I won this auction on a used glock 26...think it's a good deal? or am i better off spending an extra $160 for a new one?

http://www.gunbroker.com/auction/ViewItem.asp?Item=59630385


----------



## Shipwreck (Jan 26, 2006)

Kinda late to ask now, don't you think?

For one, it wouldn't be right to skip out on the seller, after U bid on the auction and came out as the top buyer. If you wanted people's opinions, it probably would have been best to ask us before the acution closed.

As for the gun - a Glock 26 is a good gun. I can't offer opinions on used guns, though, because I would never personally buy aused gun.
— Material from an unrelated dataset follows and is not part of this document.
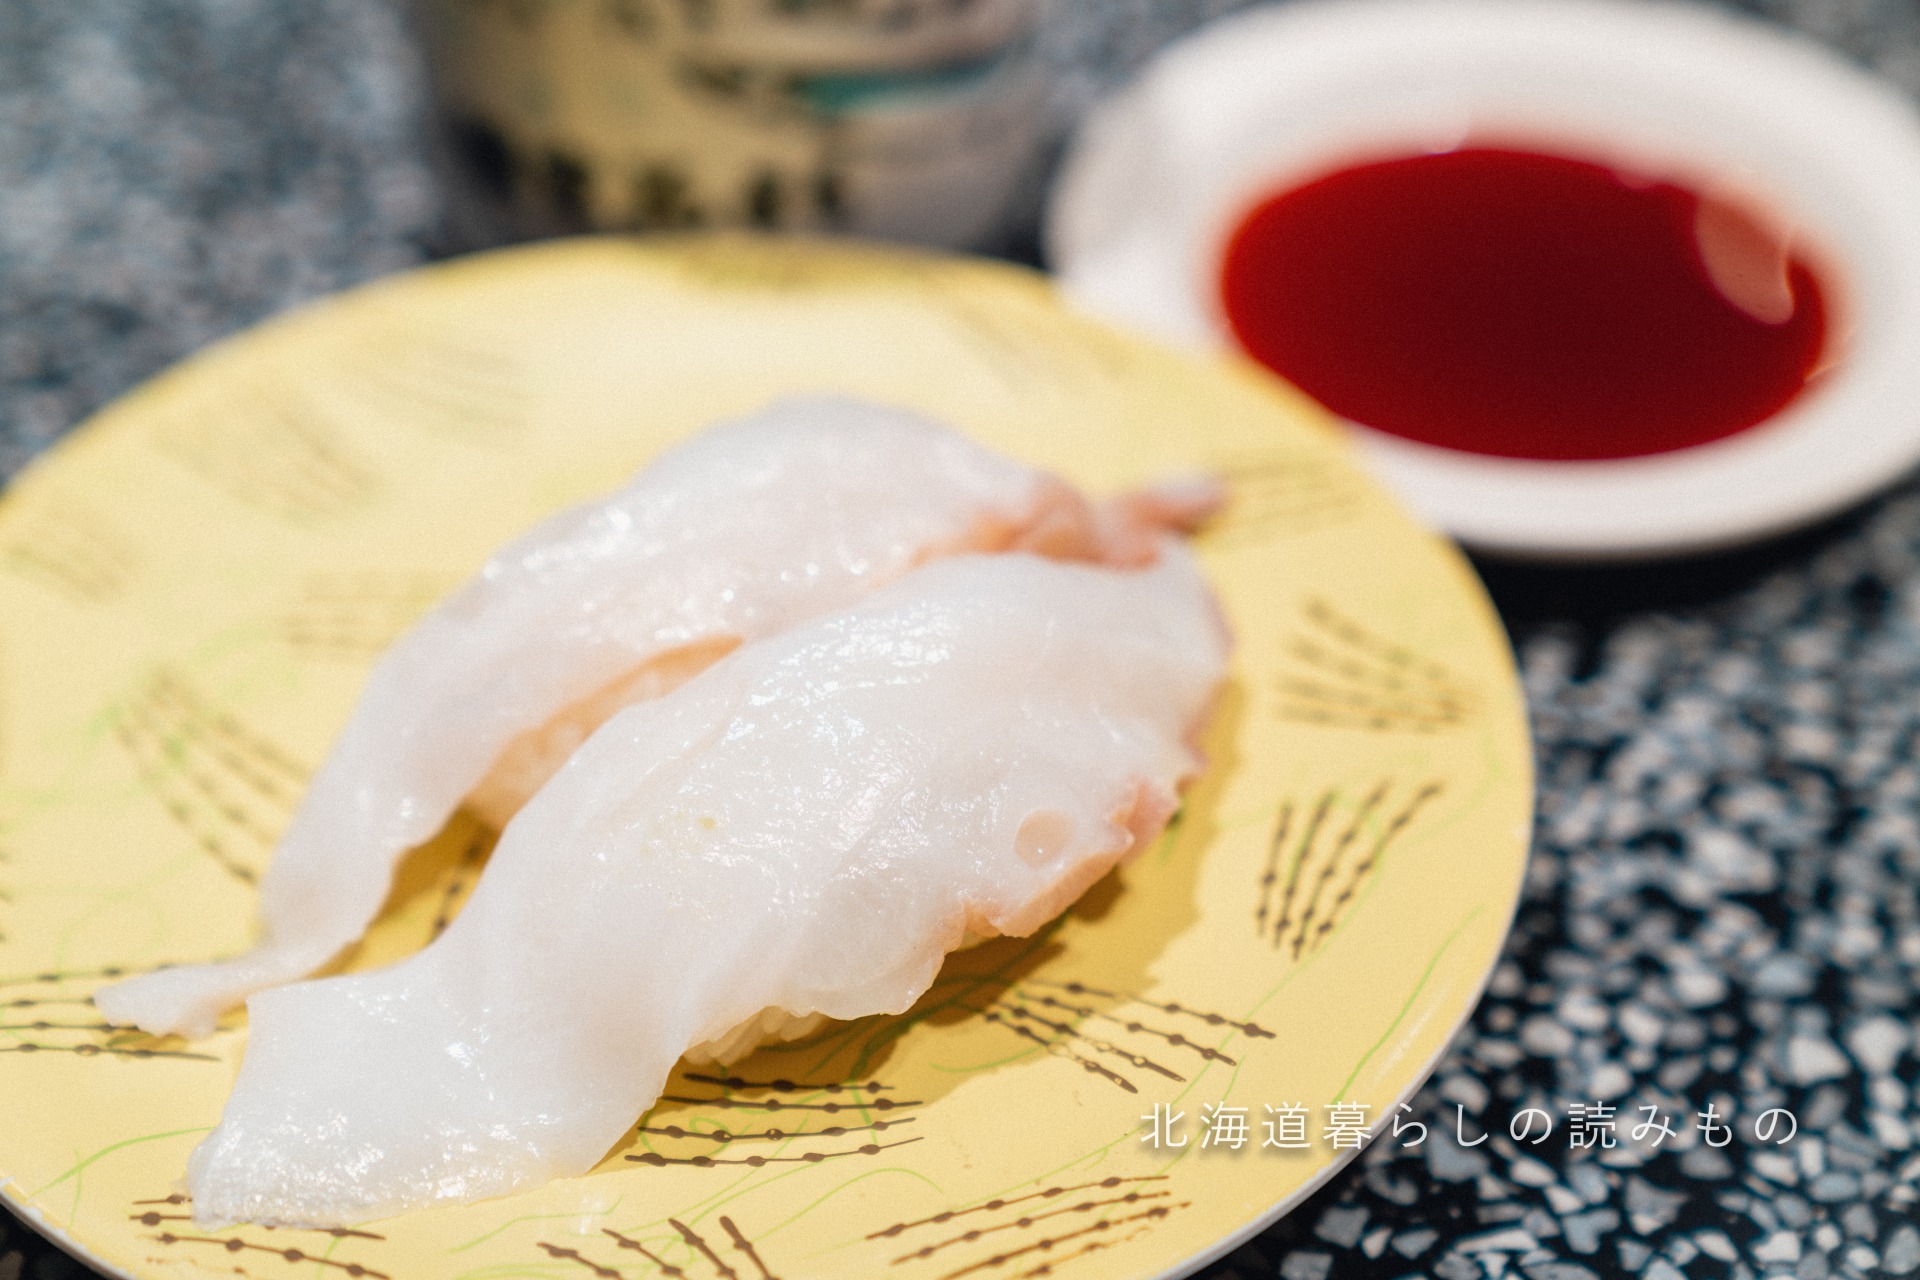 迴轉壽司根室花丸的菜單上的「章魚脚」

But, I've explained my stance on that before. 

But, I suppose $300 for that is not too bad.


----------



## L8models (May 5, 2006)

+1 on the auction


----------



## STi (Oct 22, 2006)

Shipwreck said:


> Kinda late to ask now, don't you think?
> 
> For one, it wouldn't be right to skip out on the seller, after U bid on the auction and came out as the top buyer. If you wanted people's opinions, it probably would have been best to ask us before the acution closed.
> 
> ...


I have no intentions on doing that i have 3 people willing to take it:mrgreen:

i offered it on Firing line last night...i prob should have mentioned that! it must be a good deal as the pm's keep coming!

http://www.thefiringline.com/forums/showthread.php?t=227233
http://www.thefiringline.com/forums/showthread.php?t=222578


----------



## STi (Oct 22, 2006)

How about the seller skipping out on the deal!

I sent you an email stating that this was a mixup thats why I ended the 
auction. This glock as never for sale. I was away for the pat couple days 
and had someone list the wrong item.
Sorry for the mix up
Thanks
Mike

>From: "STi" <[email protected]>
>To: <[email protected]>
>Subject: Message from KITTY888 regarding GunBroker.com - Item 59630385
>Date: Tue, 7 Nov 2006 20:15:01 -0800
>
>I have been waiting for your email....are we gonna do this?


----------



## Mr. P (Sep 16, 2006)

STi said:


> How about the seller skipping out on the deal!
> 
> I sent you an email stating that this was a mixup thats why I ended the
> auction. This glock as never for sale. I was away for the pat couple days
> ...


Just reading the guys feedback I'd have never bid at all.


----------